» **THE TASK**:
Print the records below exactly, from the line containing "Кровать двуспальная с" down to the line containing "649,27 Υπόλοιπο έναρξης", both lines included, and omit every picture.

» **AVAILABLE DATA**:
------------------------------------------------
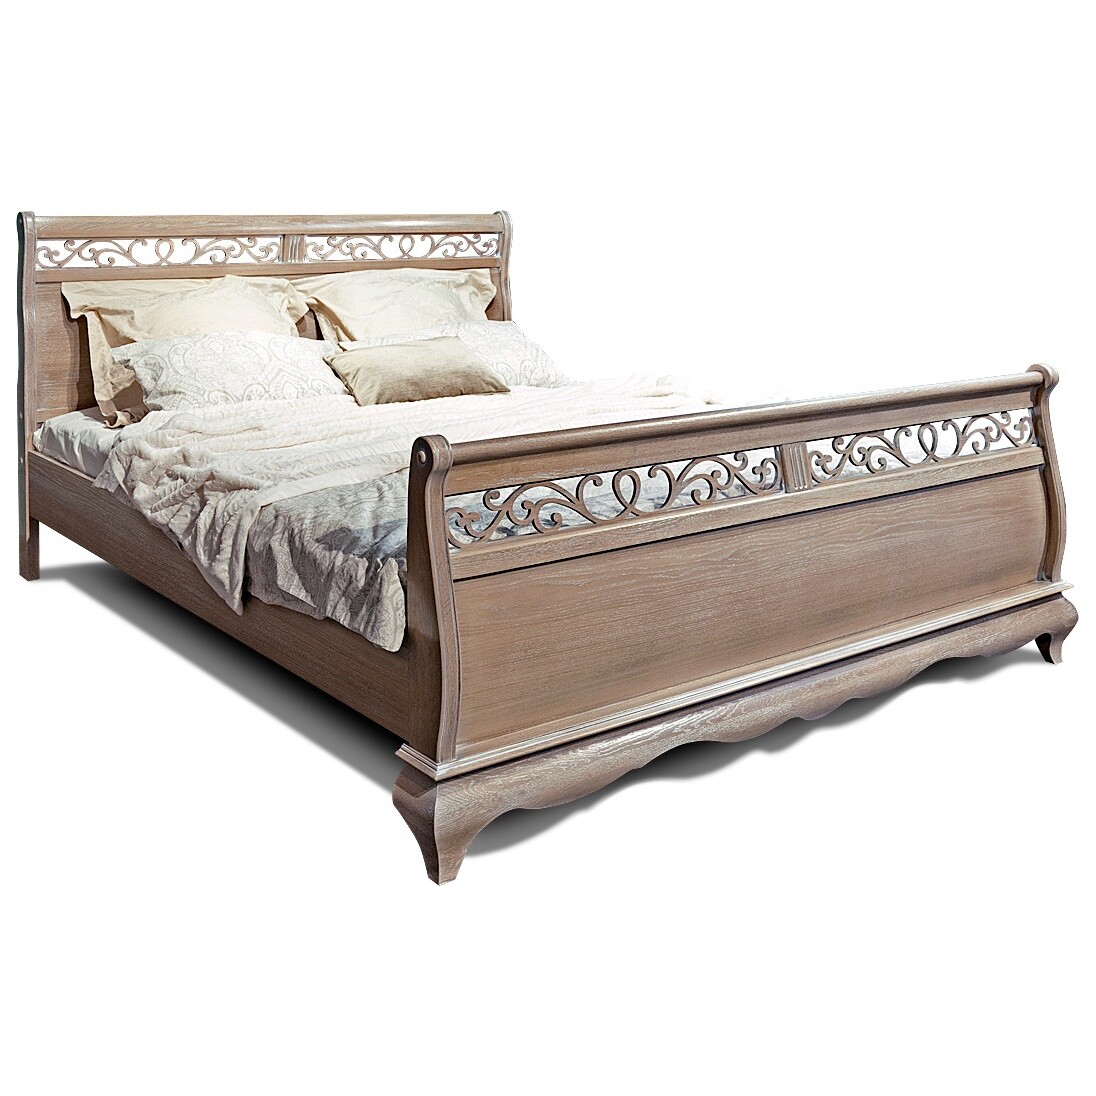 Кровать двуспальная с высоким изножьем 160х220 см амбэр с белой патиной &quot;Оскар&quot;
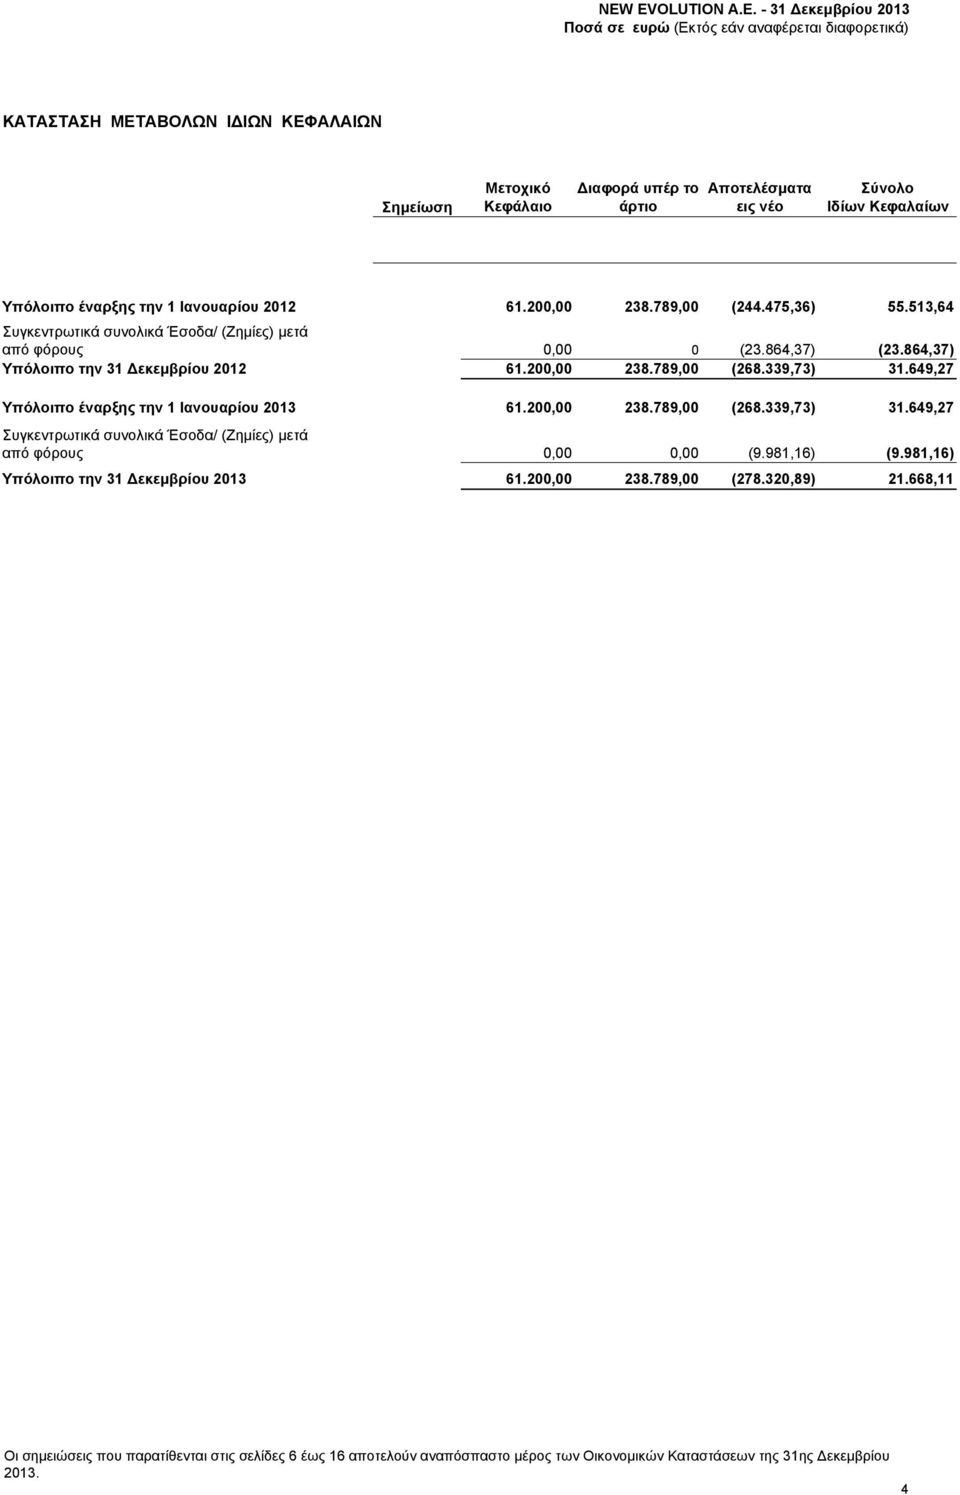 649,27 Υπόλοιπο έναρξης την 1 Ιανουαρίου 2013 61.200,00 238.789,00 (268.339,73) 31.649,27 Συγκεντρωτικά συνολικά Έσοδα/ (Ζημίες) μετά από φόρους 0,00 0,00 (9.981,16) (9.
------------------------------------------------
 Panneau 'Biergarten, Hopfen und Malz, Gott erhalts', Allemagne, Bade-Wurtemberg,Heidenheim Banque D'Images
------------------------------------------------
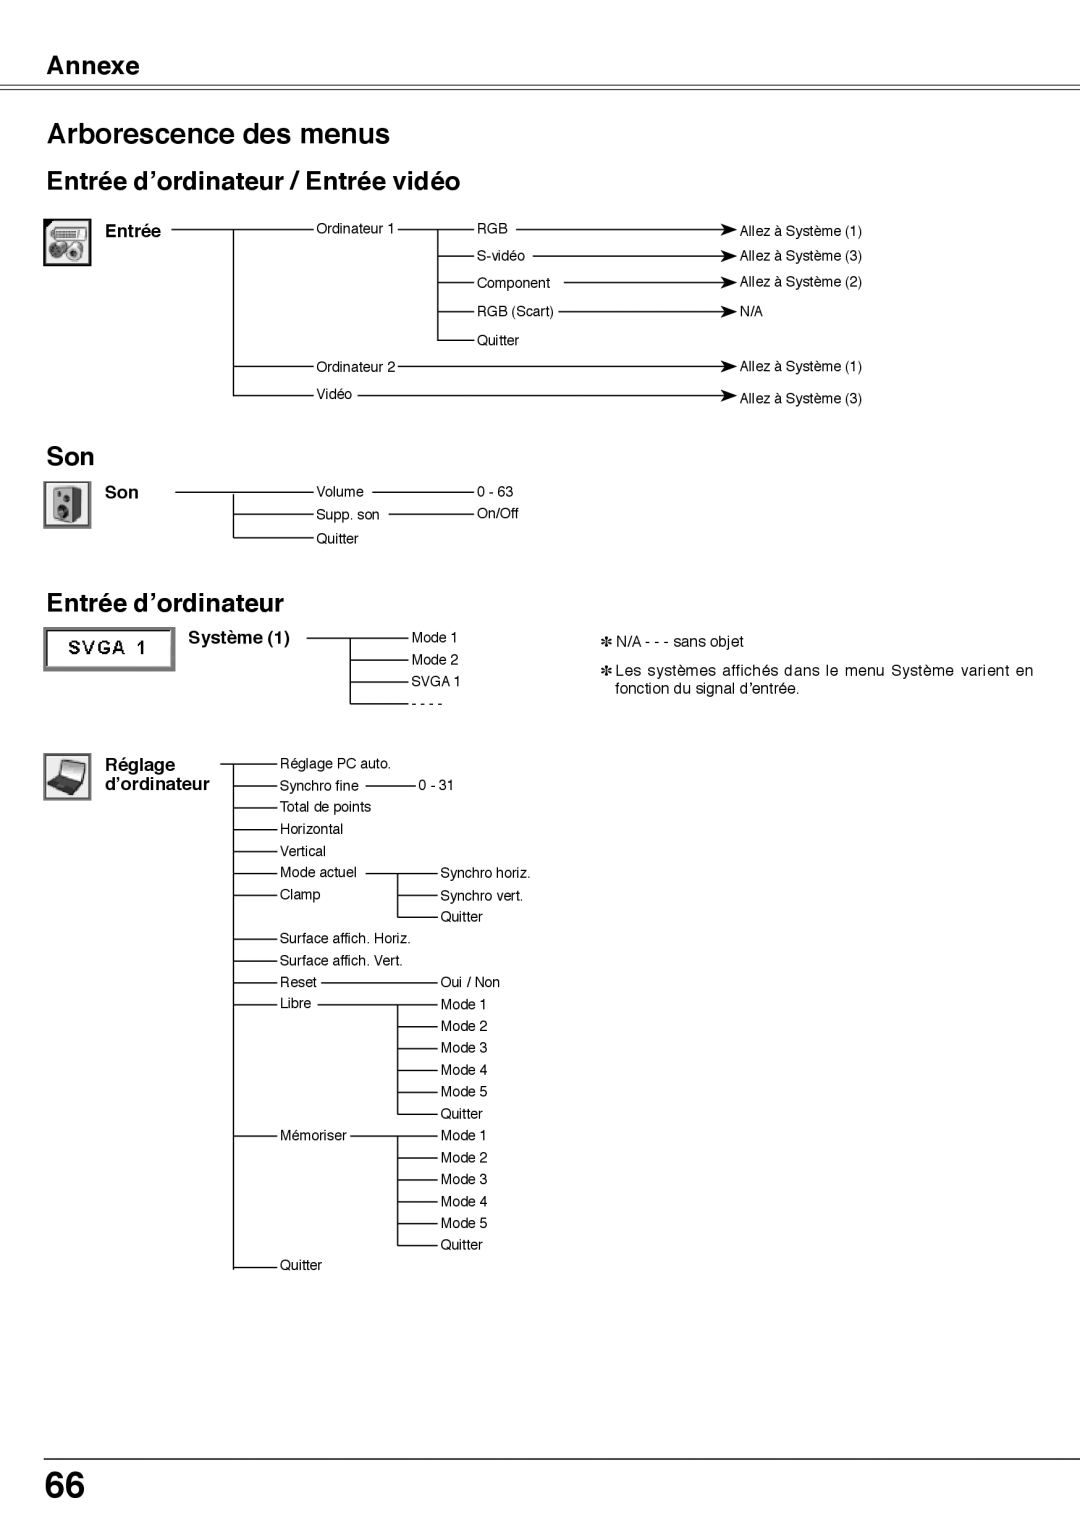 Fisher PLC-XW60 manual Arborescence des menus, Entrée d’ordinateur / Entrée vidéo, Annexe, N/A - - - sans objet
------------------------------------------------
» **PROBLEM SOLUTION**:
 Кровать двуспальная с высоким изножьем 160х220 см амбэр с белой патиной &quot;Оскар&quot;
 649,27 Υπόλοιπο έναρξης την 1 Ιανουαρίου 2013 61.200,00 238.789,00 (268.339,73) 31.649,27 Συγκεντρωτικά συνολικά Έσοδα/ (Ζημίες) μετά από φόρους 0,00 0,00 (9.981,16) (9.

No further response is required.